- **Data provided**:

§ §

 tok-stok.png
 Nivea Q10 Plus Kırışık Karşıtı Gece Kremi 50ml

§ §

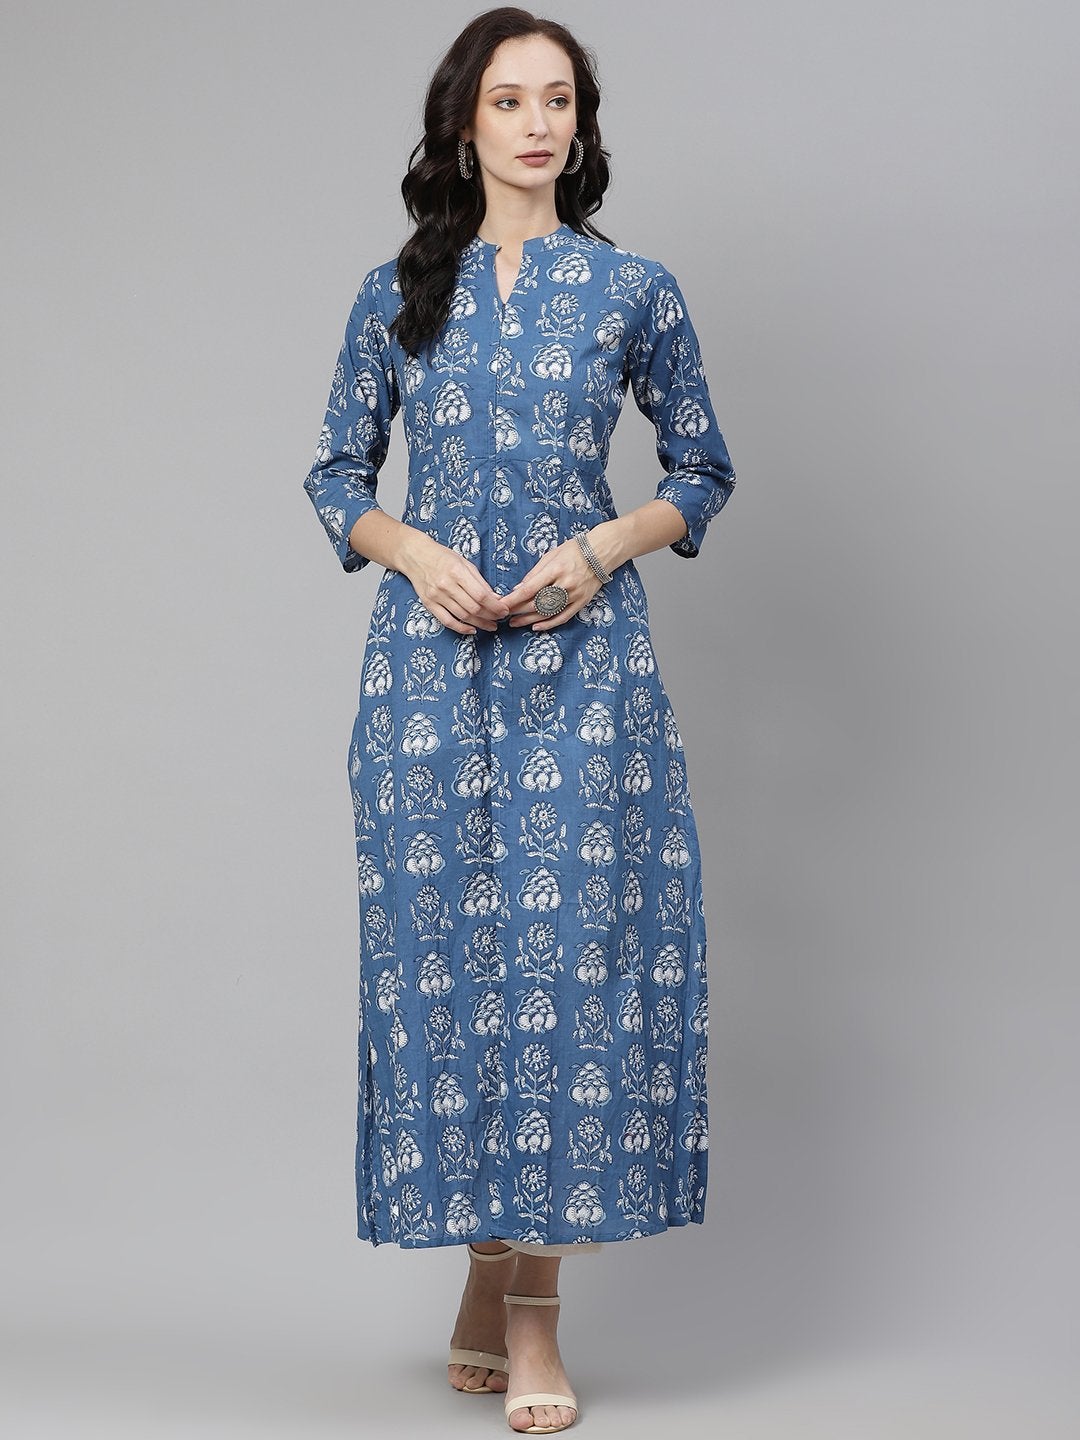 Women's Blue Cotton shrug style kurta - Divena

§ §

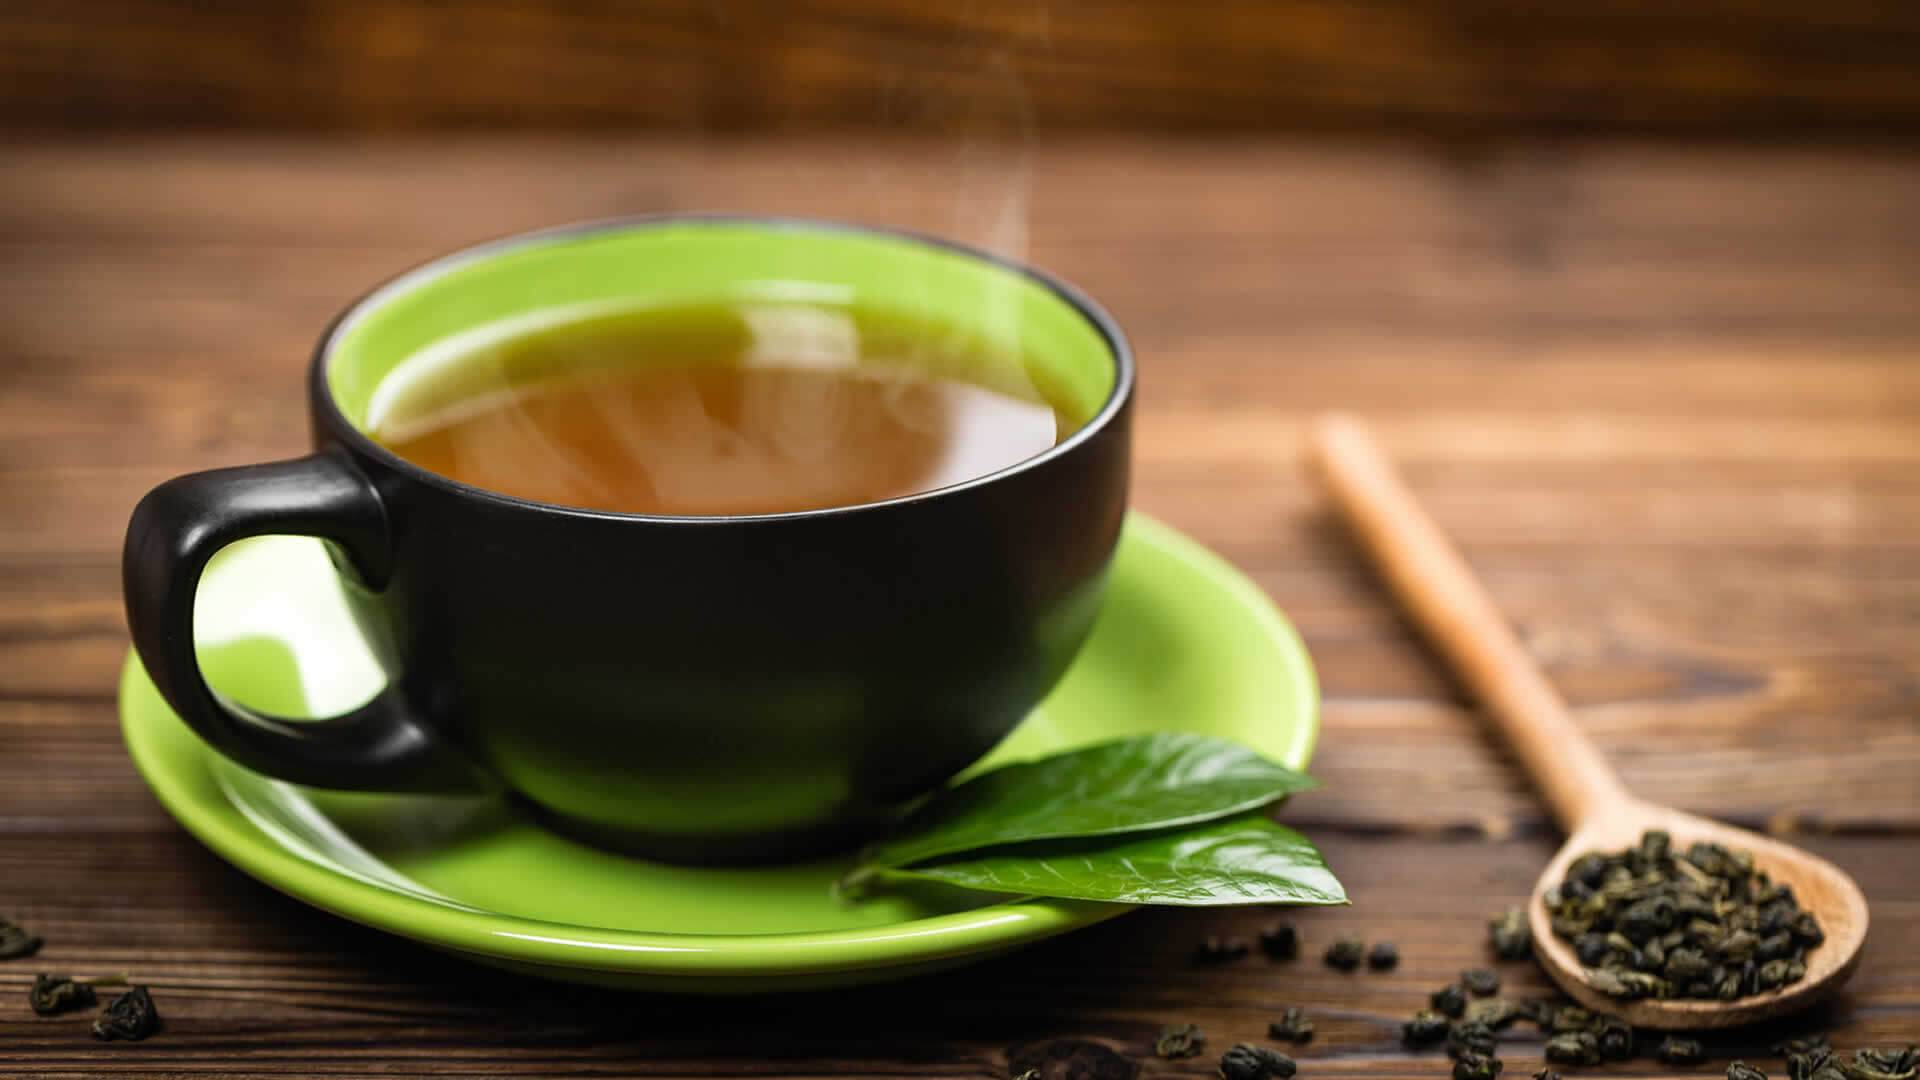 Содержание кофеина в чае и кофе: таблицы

§ §

Using only the listing above, restate exactly the lines from the line containing "tok-stok.png" through the line containing "Nivea Q10 Plus", both included.

- **Solution to this task**:
 tok-stok.png
 Nivea Q10 Plus Kırışık Karşıtı Gece Kremi 50ml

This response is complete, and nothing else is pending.